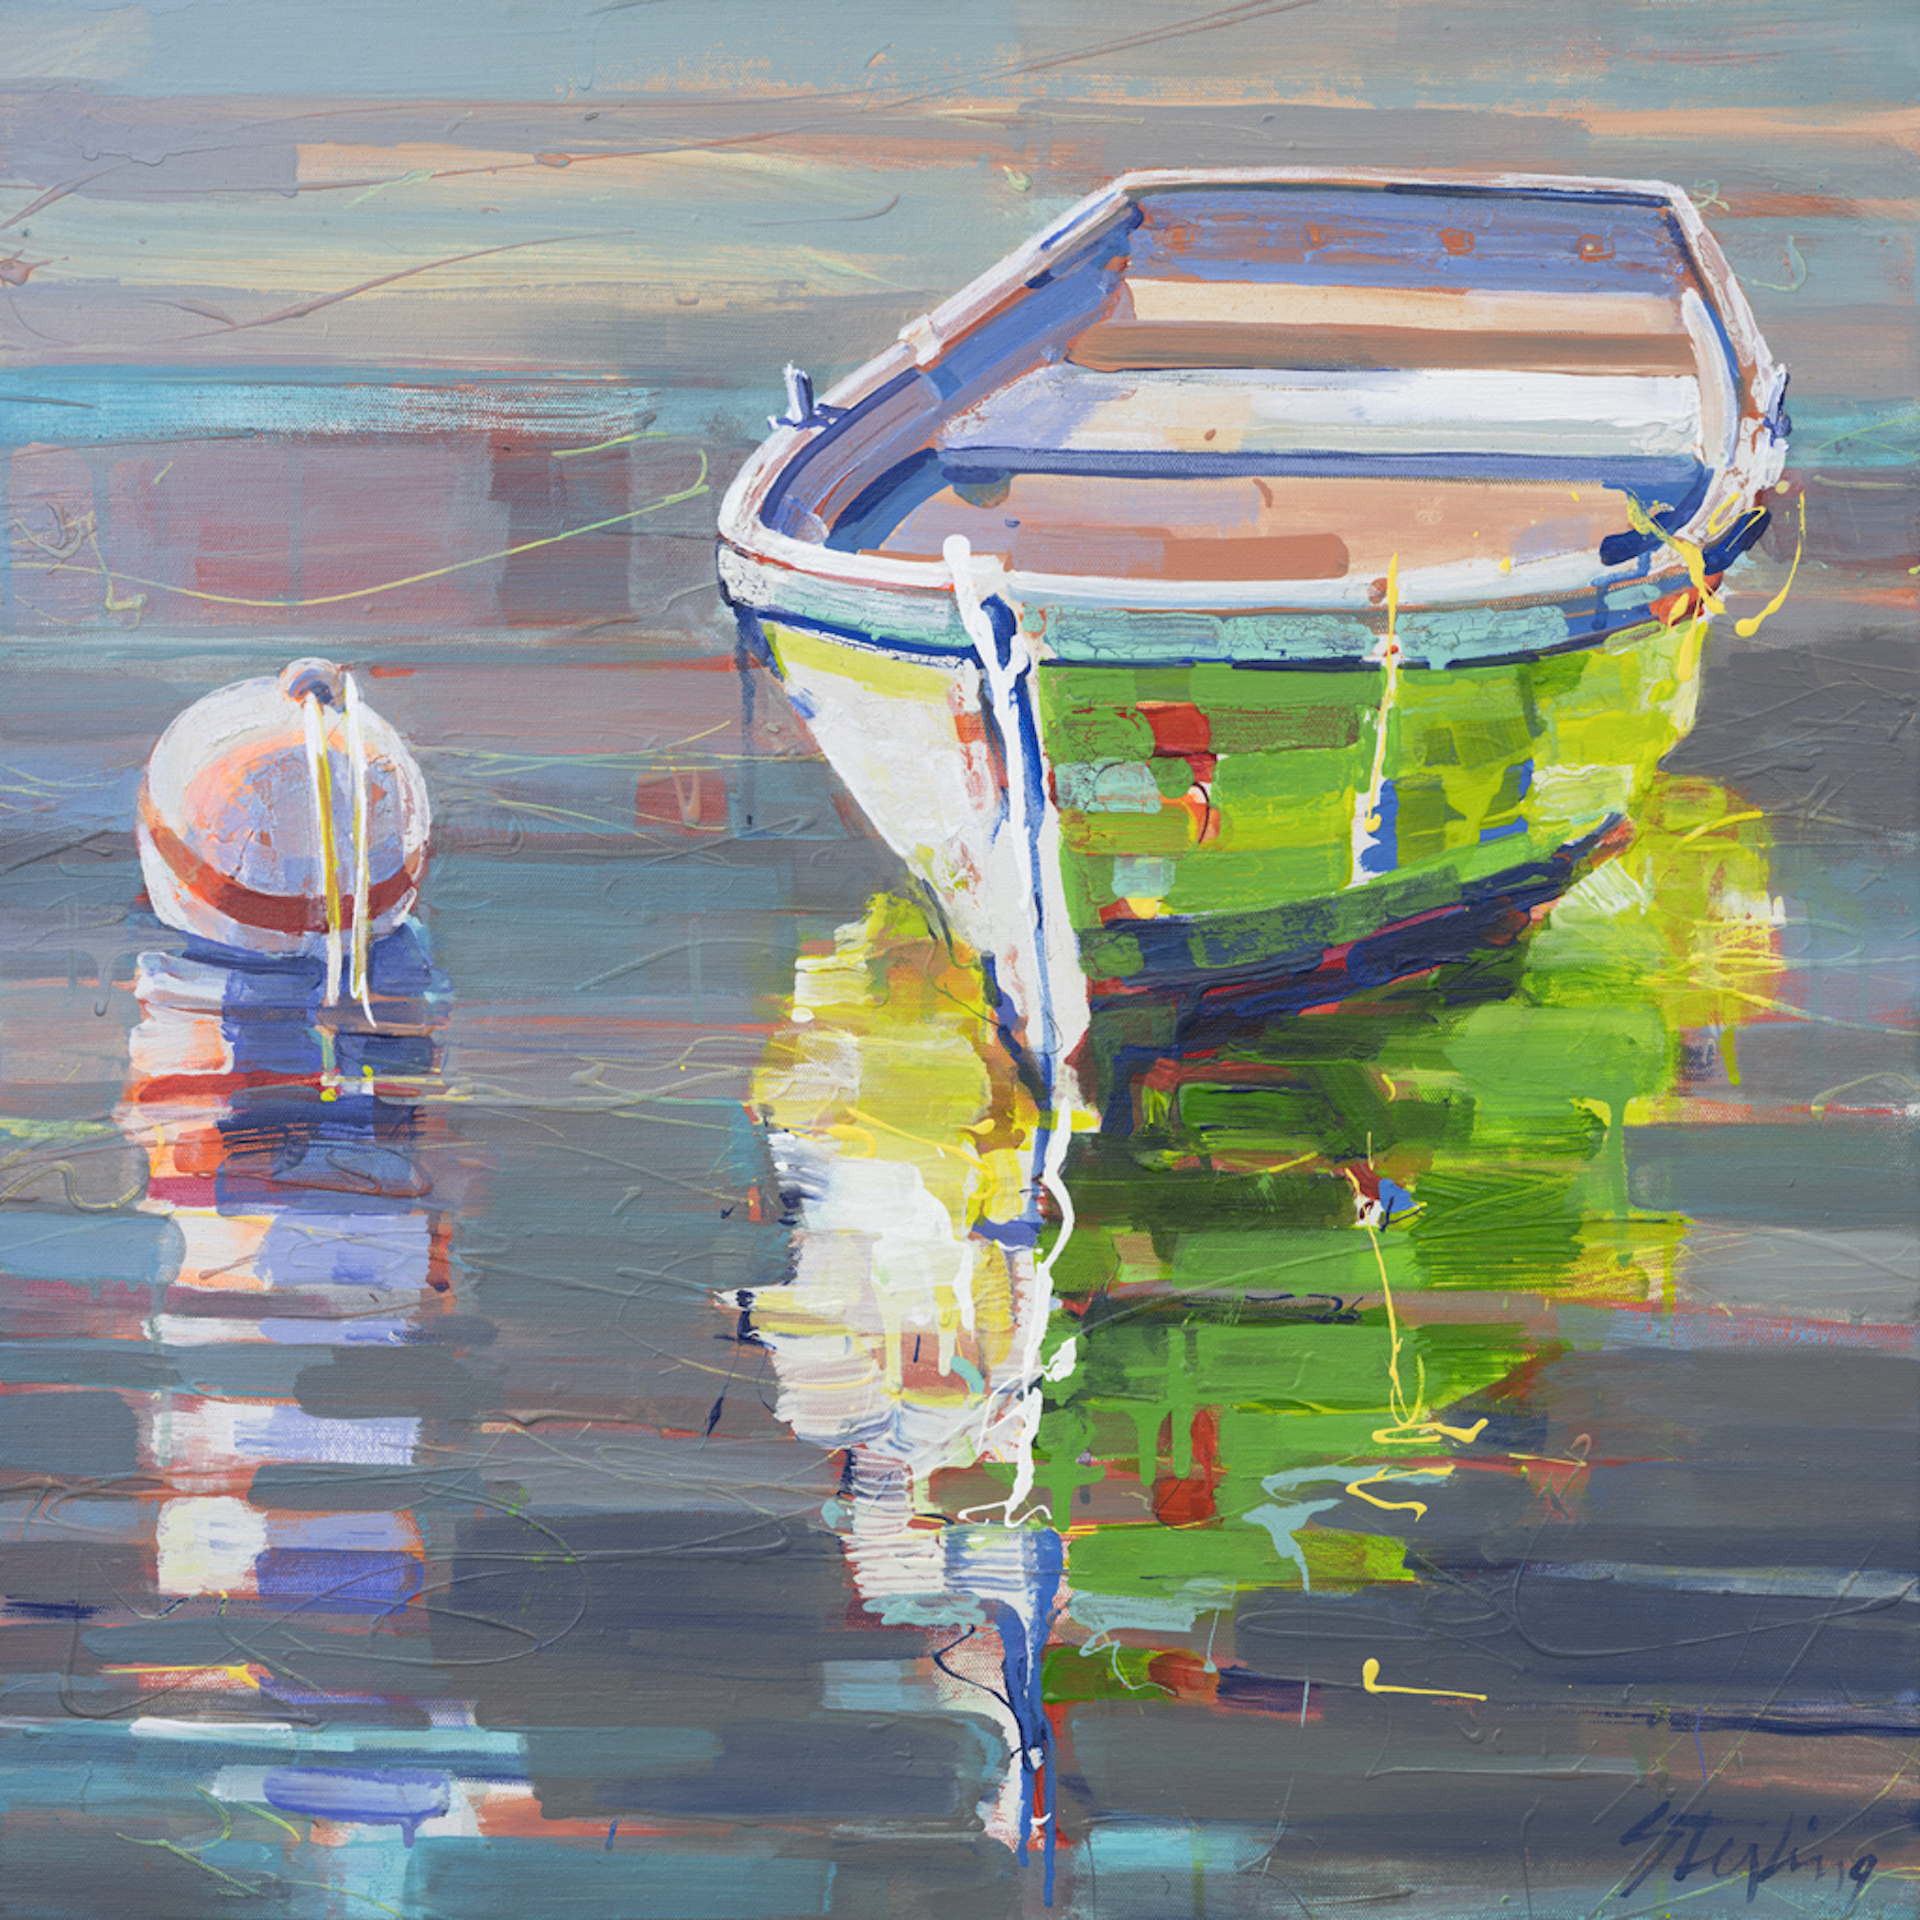 Pea Green Boat
24x24 SOLD
acrylic on canvas
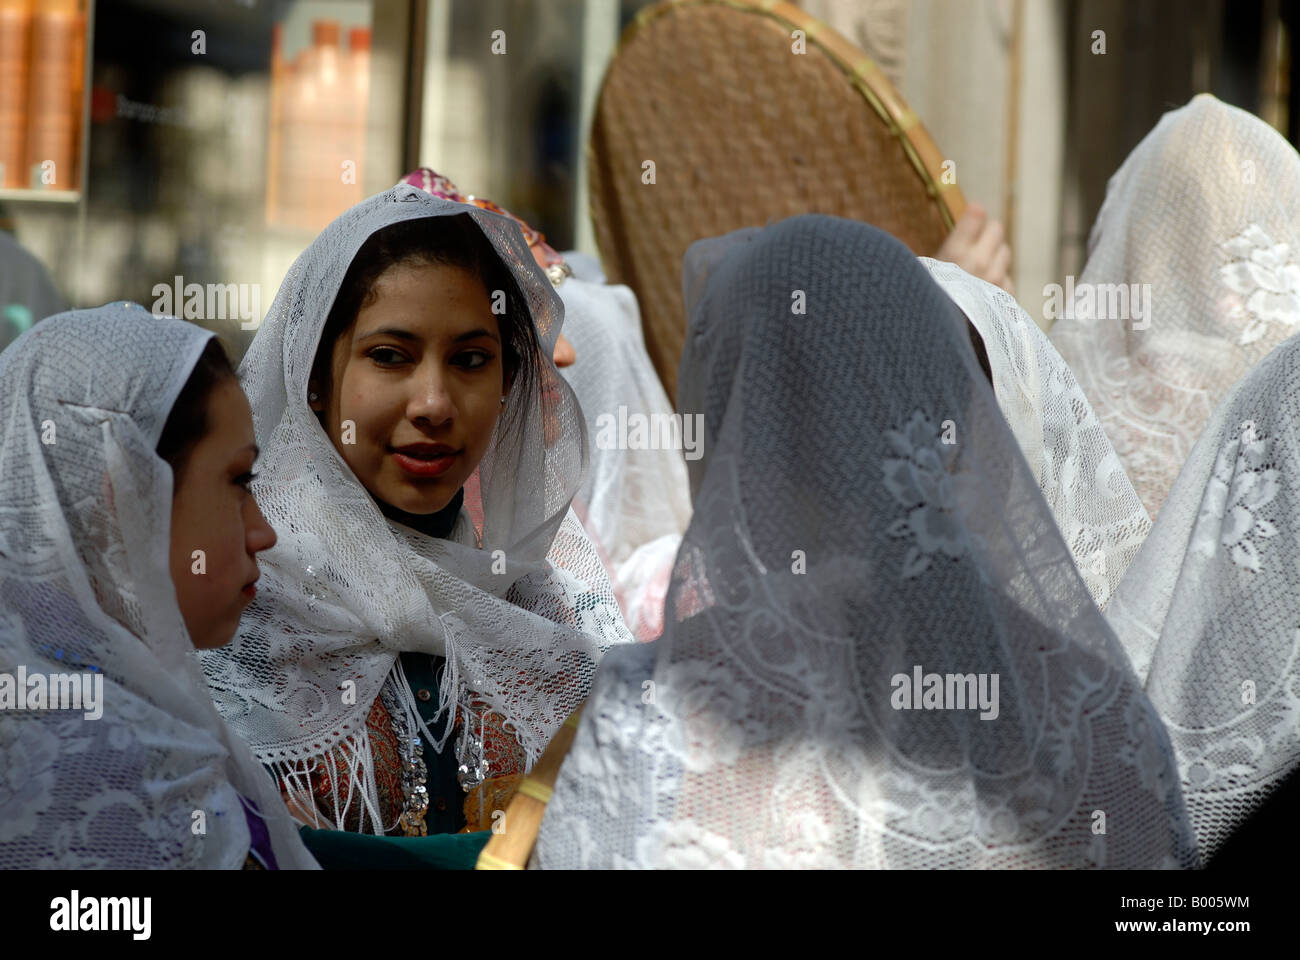 Iranian Americans march and perform in the Fourth Annual Persian Parade on Madison Ave in New York Cit Stock Photo
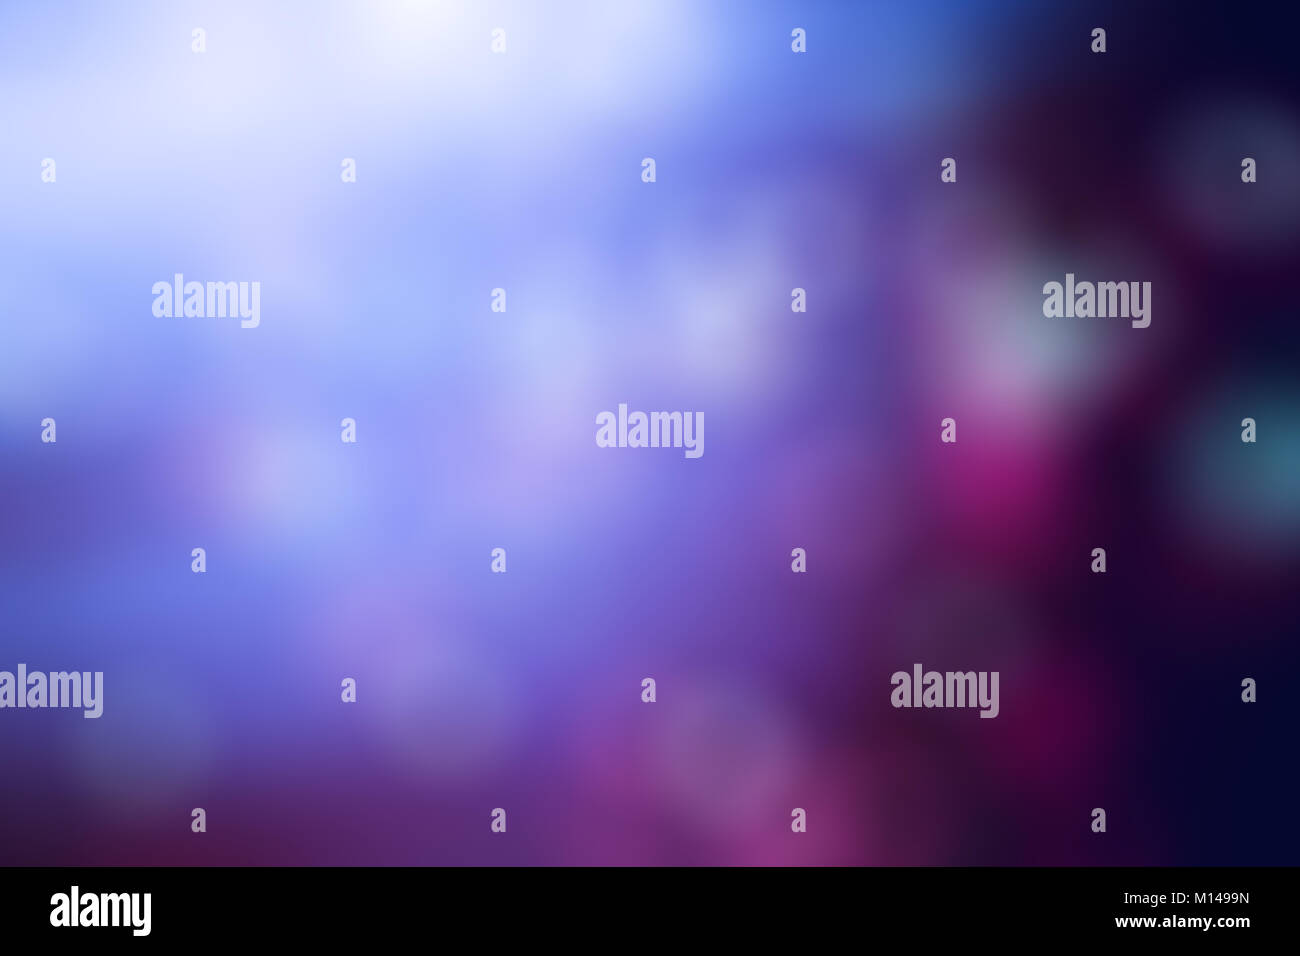 Blue purple abstract texture background. Bokeh, gradient from light blue to dark blue Stock Photo
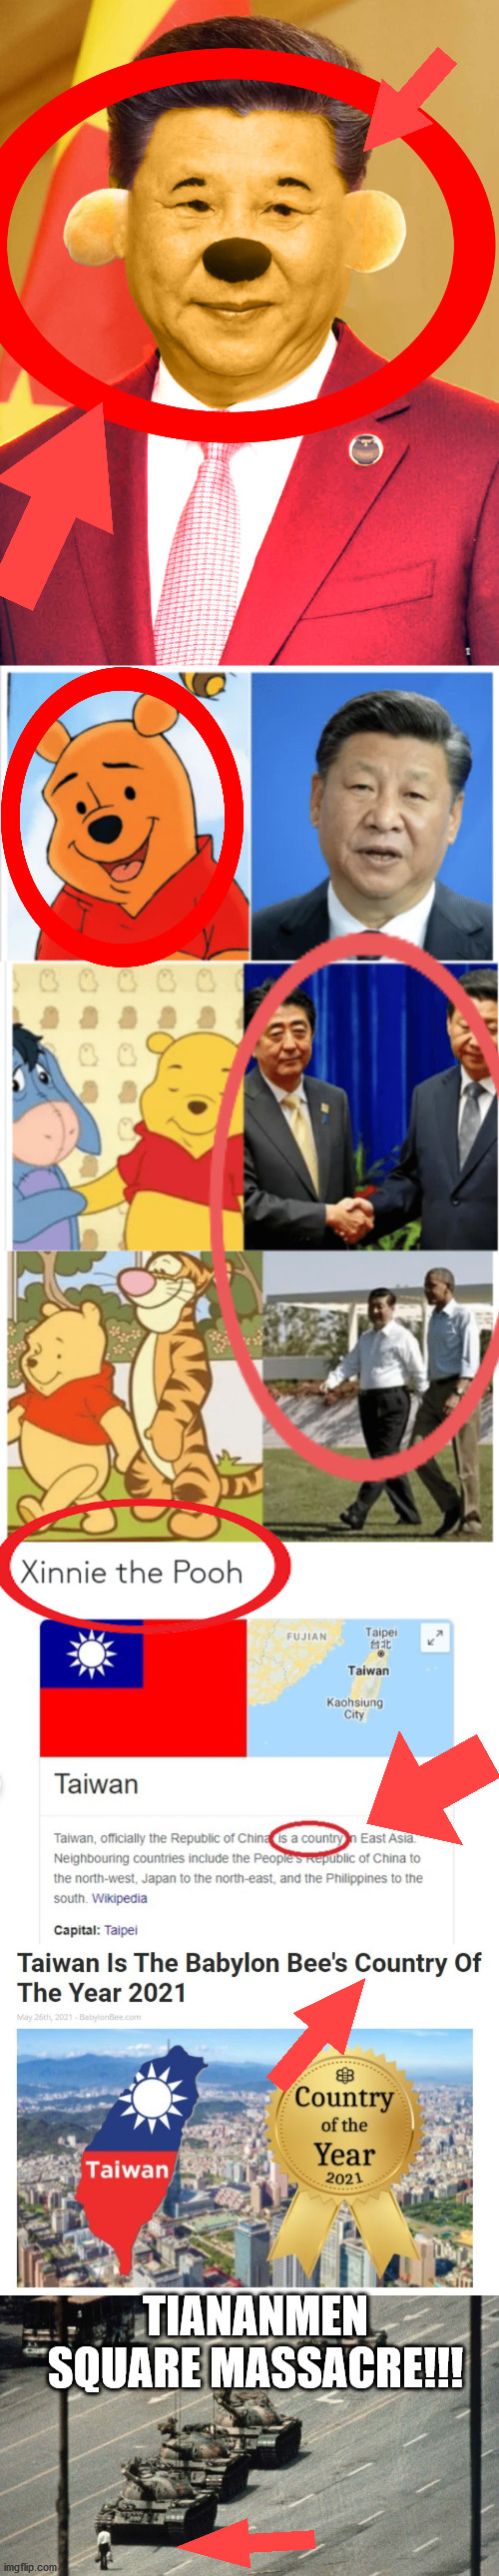 OMG OMG COOL STUFF!!11! | TIANANMEN SQUARE MASSACRE!!! | image tagged in tiannemen square massacre,xinnie the pooh,taiwan is a country | made w/ Imgflip meme maker
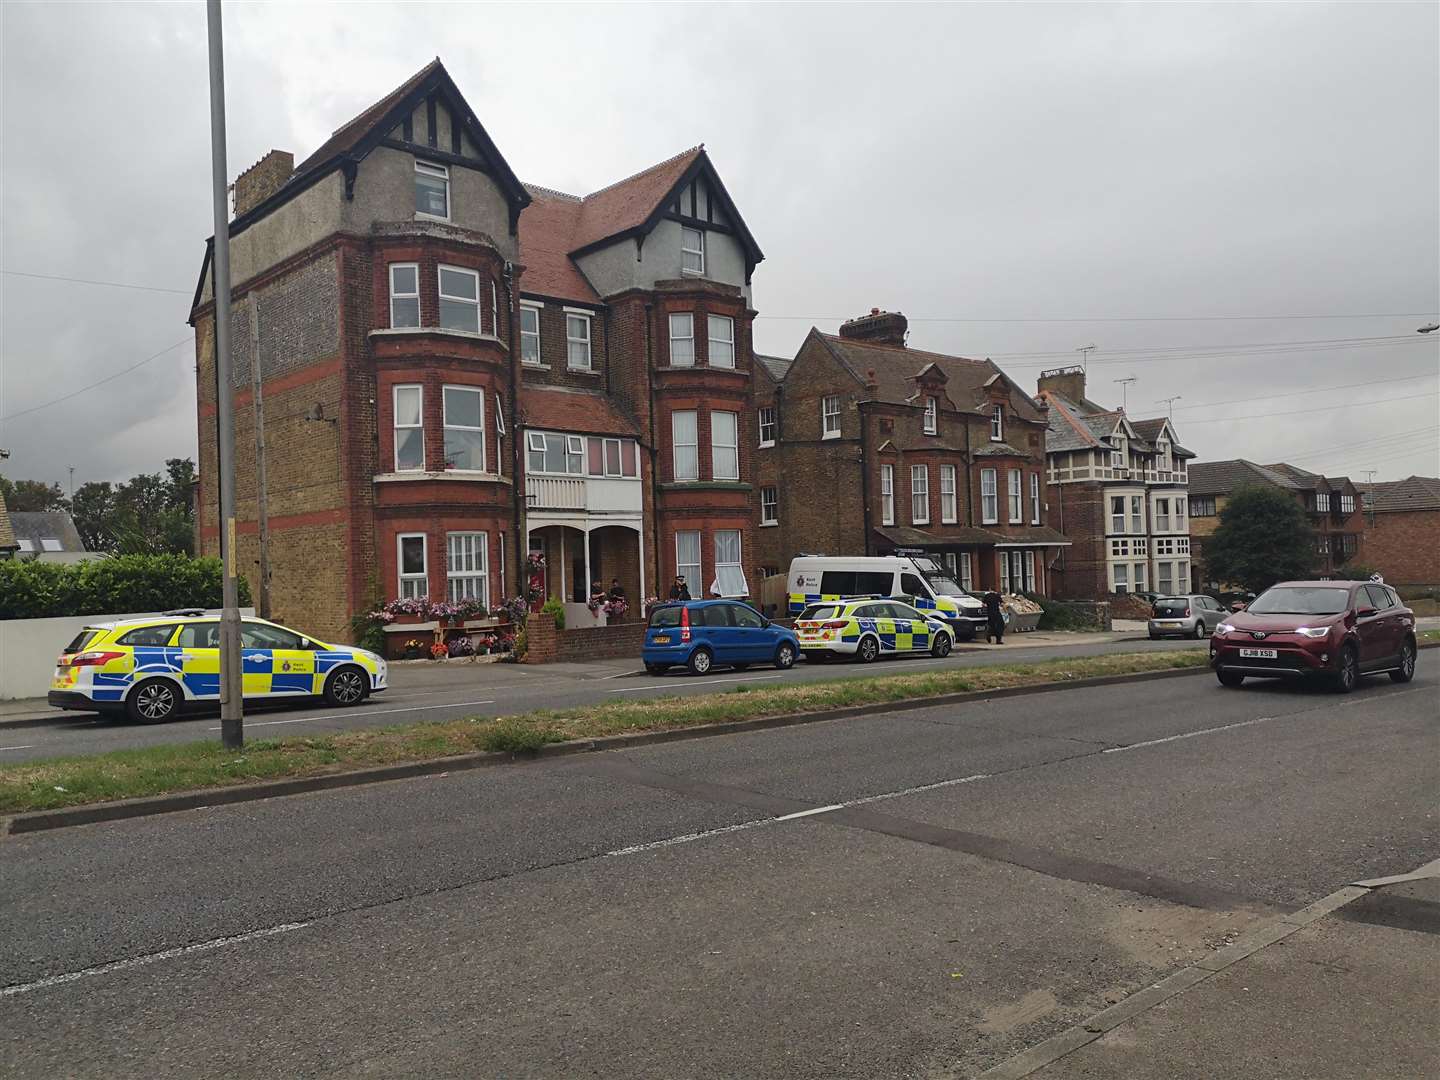 Bomb disposal teams have been sent to the address on Canterbury Road

→ **Task details**
Give back each of the records above word for word, apart from the pictures.

→ **Reply**
 Pea Green Boat
24x24 SOLD
acrylic on canvas
 Iranian Americans march and perform in the Fourth Annual Persian Parade on Madison Ave in New York Cit Stock Photo
 Blue purple abstract texture background. Bokeh, gradient from light blue to dark blue Stock Photo
 OMG OMG COOL STUFF!!11! | TIANANMEN SQUARE MASSACRE!!! | image tagged in tiannemen square massacre,xinnie the pooh,taiwan is a country | made w/ Imgflip meme maker
 Bomb disposal teams have been sent to the address on Canterbury Road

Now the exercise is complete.